What you should do: For this exercise, output the entries below exactly from the line that holds "World alzheimer's day banner design vector" to the line that holds "Download Astronaut Pictures | Wallpapers.com", both ends included. No pictures belong in the copy.

Given entries:

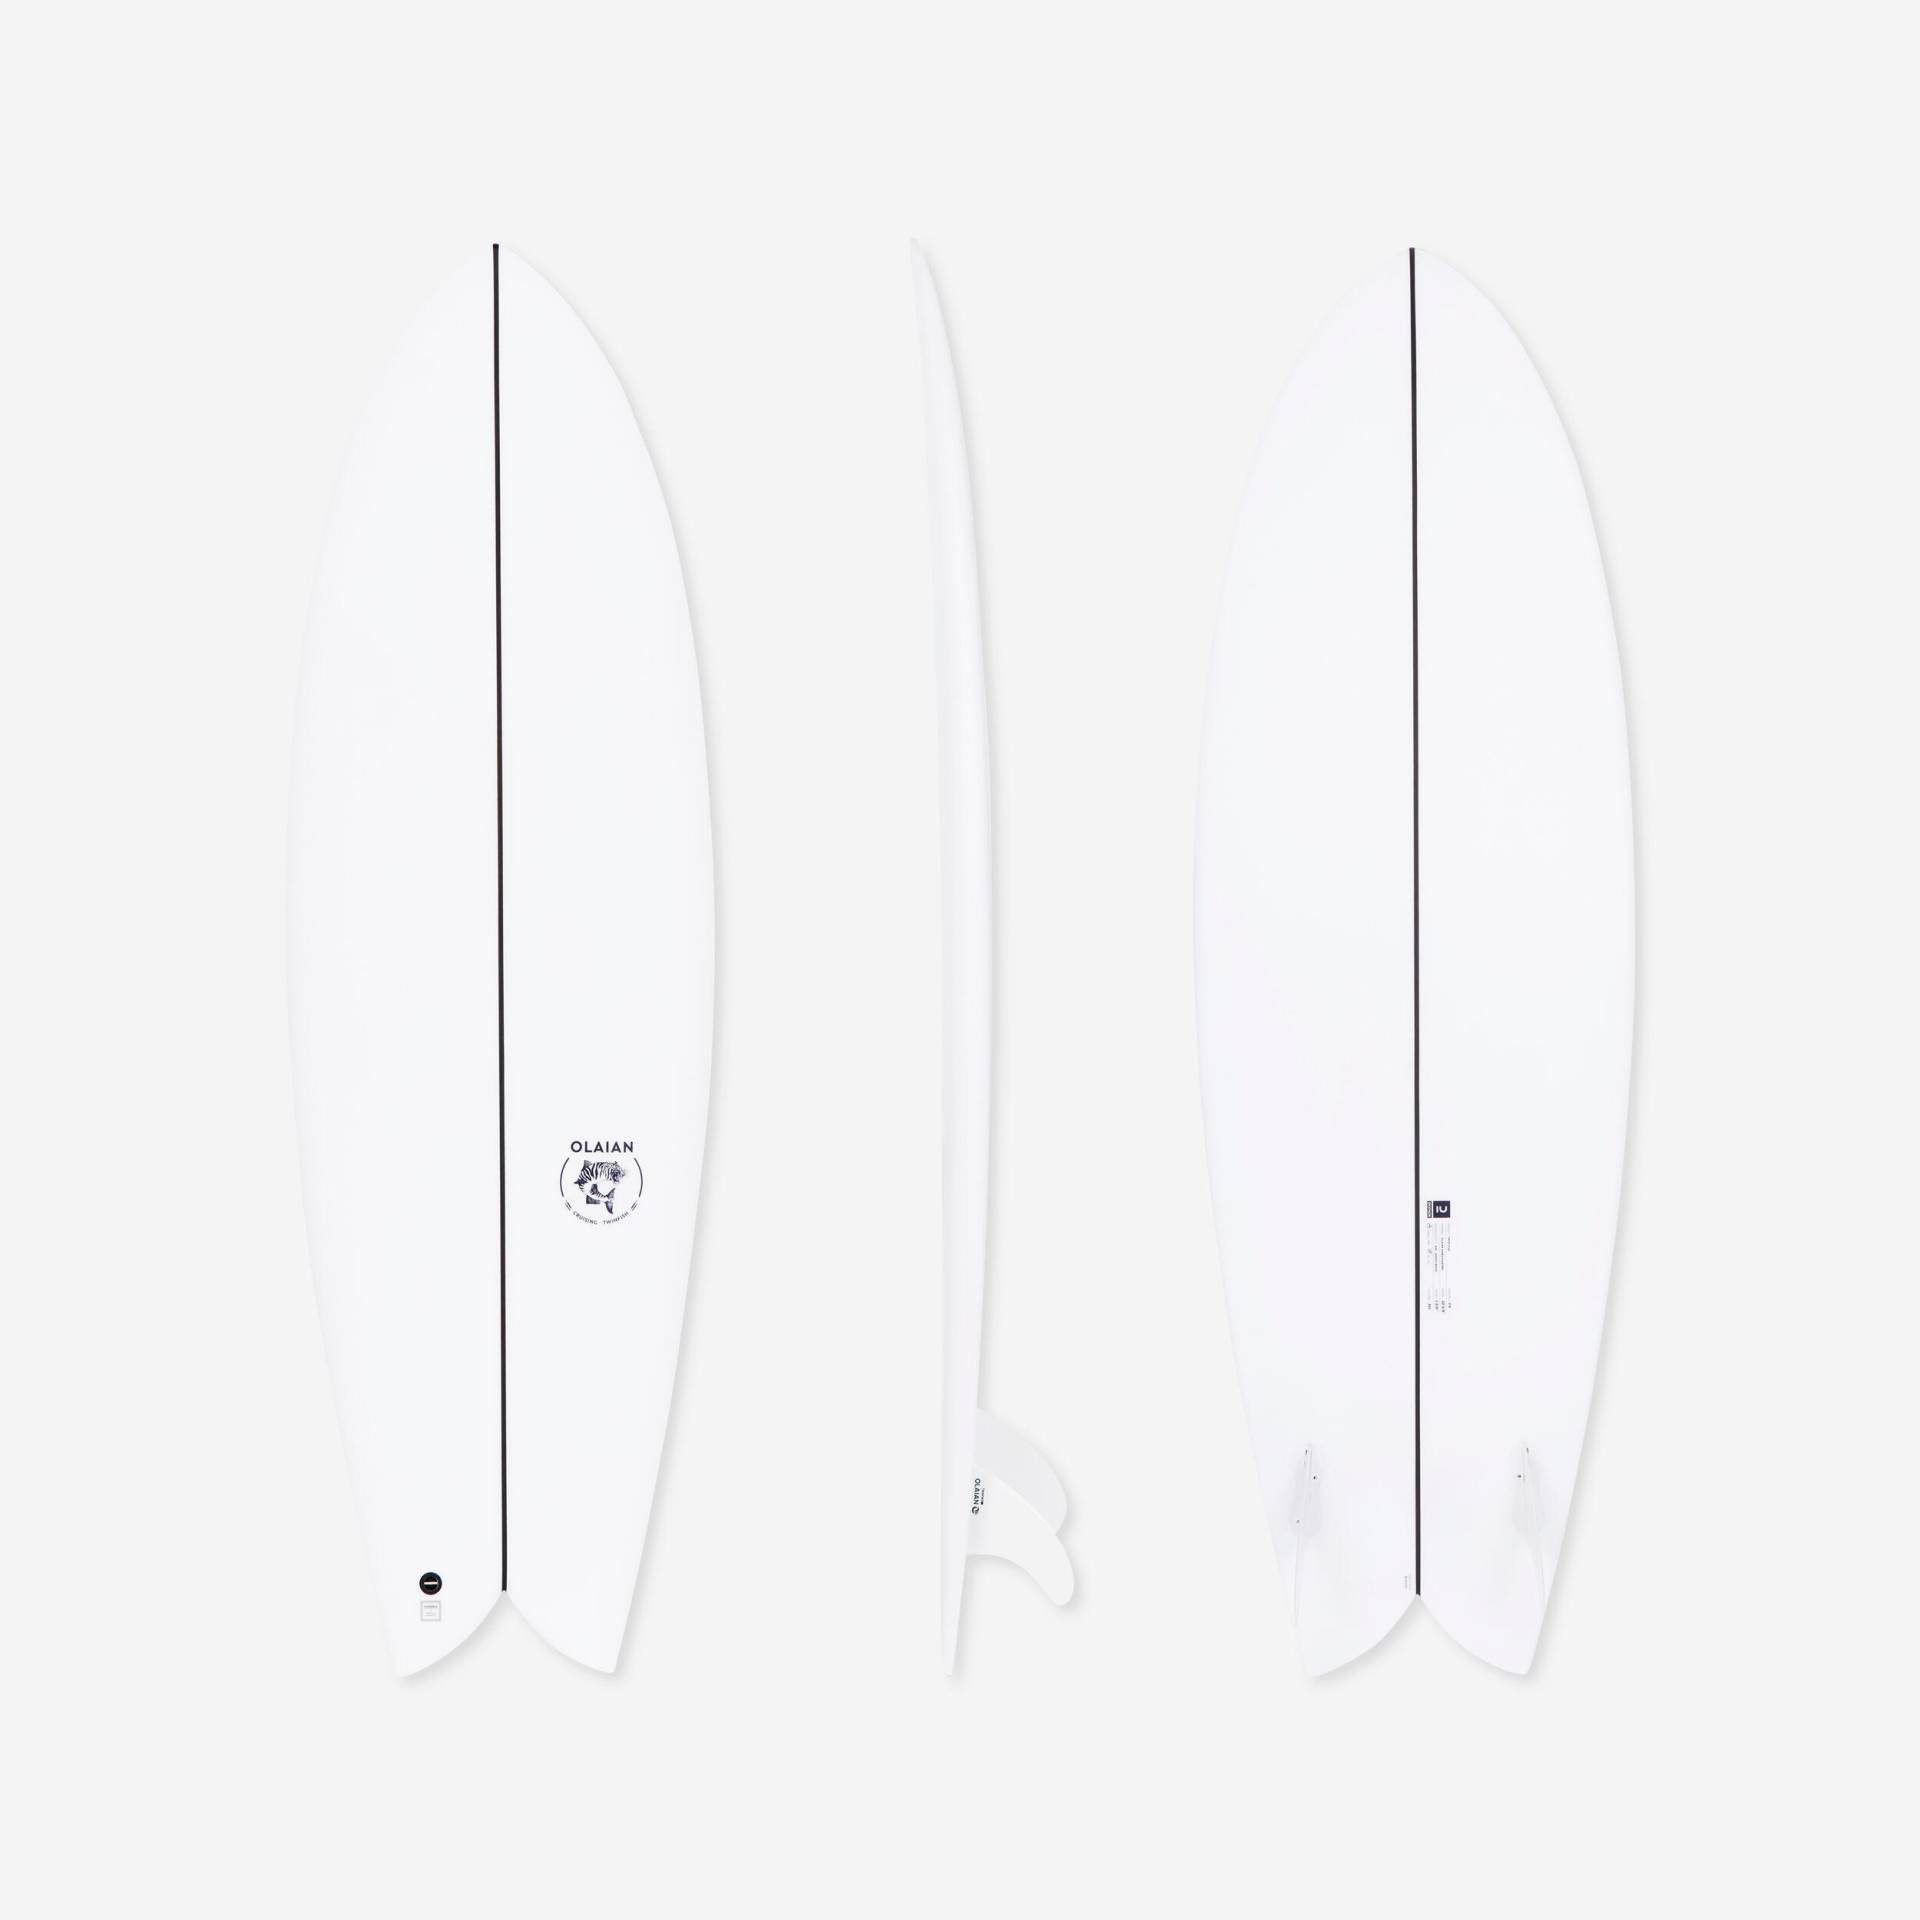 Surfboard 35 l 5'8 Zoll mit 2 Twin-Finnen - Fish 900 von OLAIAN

* * *

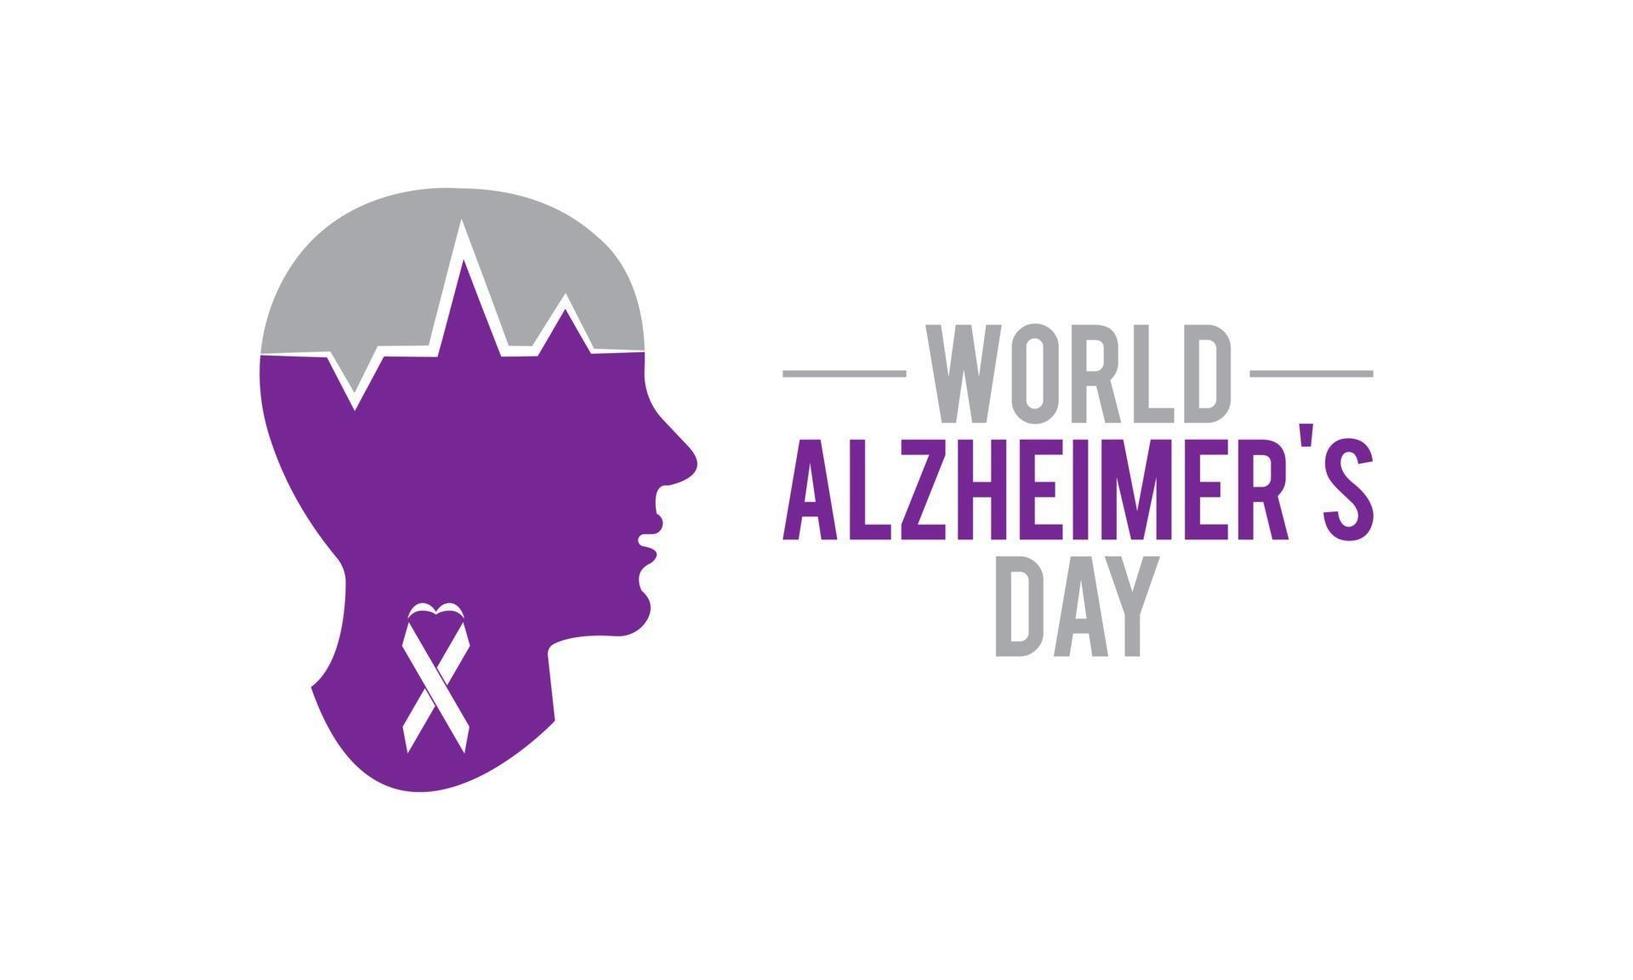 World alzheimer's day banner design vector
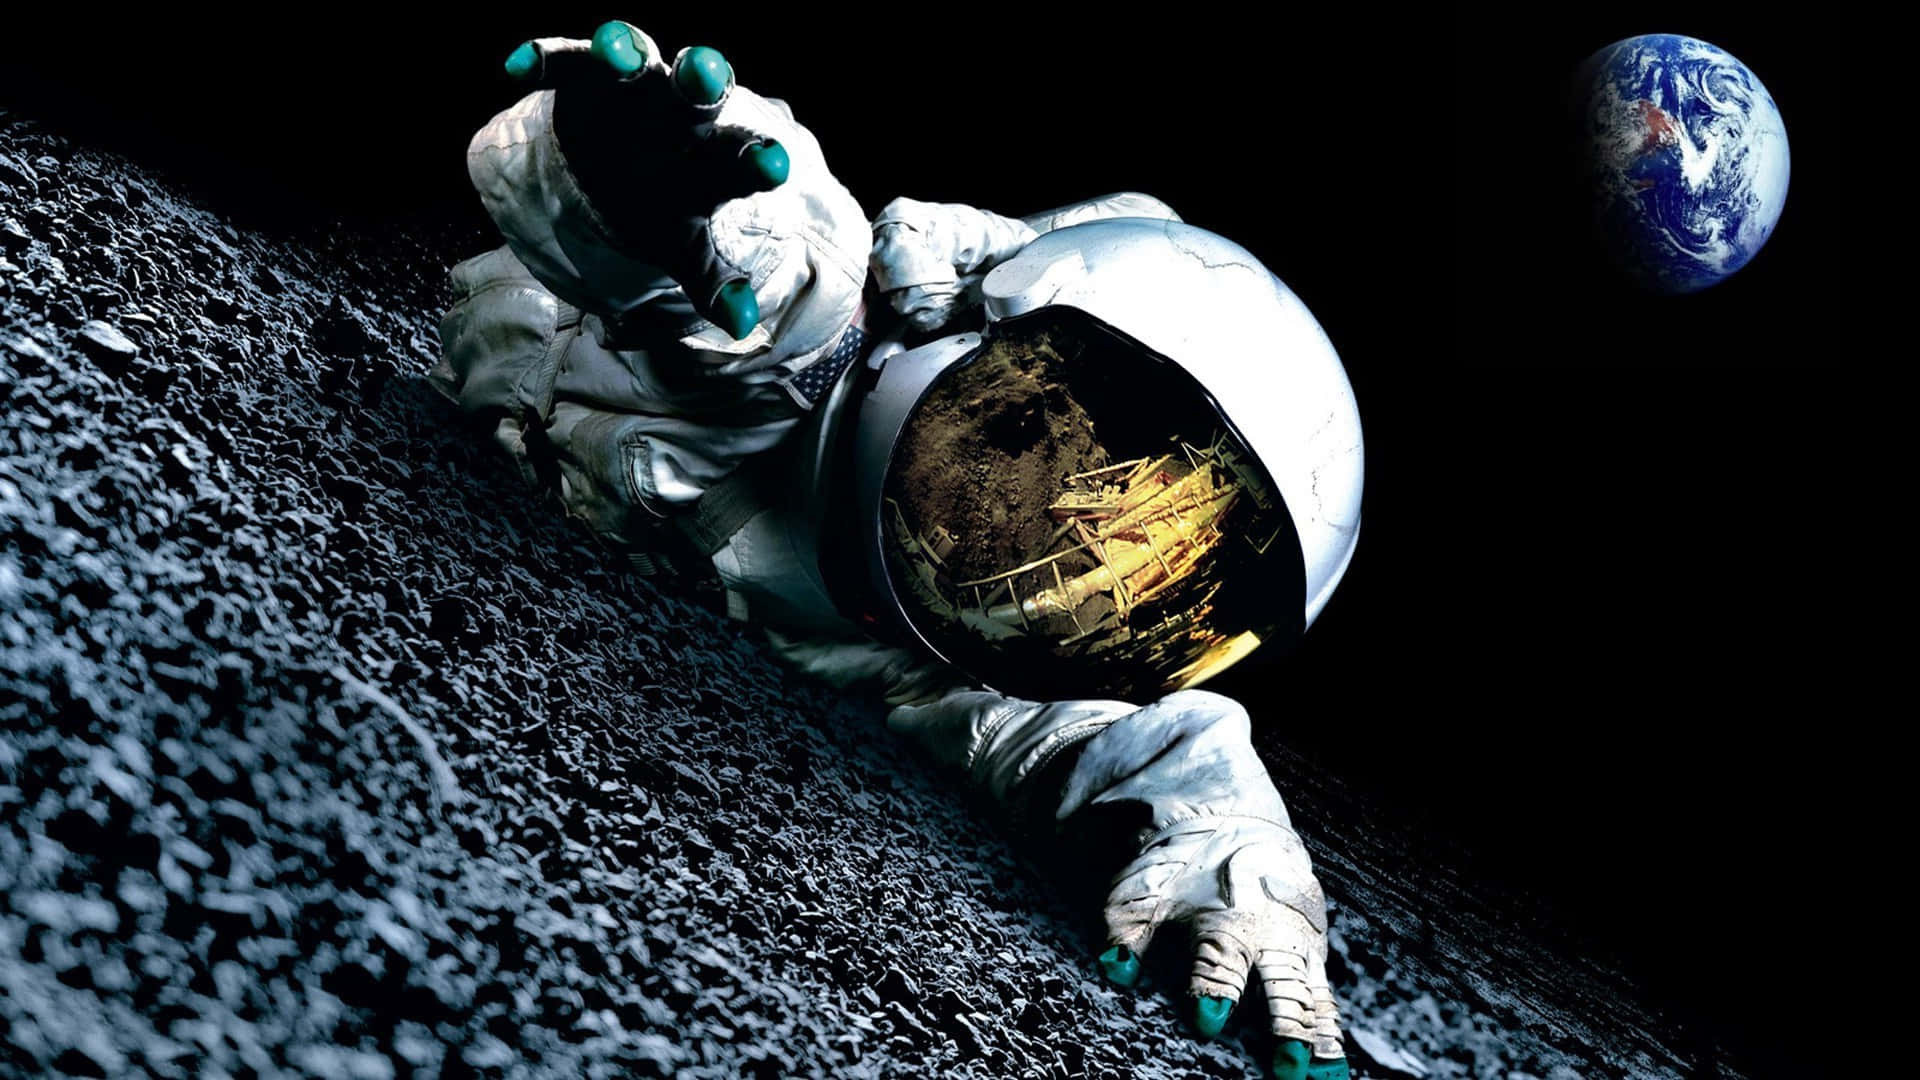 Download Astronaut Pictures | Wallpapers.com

Task result:
 World alzheimer's day banner design vector
 Download Astronaut Pictures | Wallpapers.com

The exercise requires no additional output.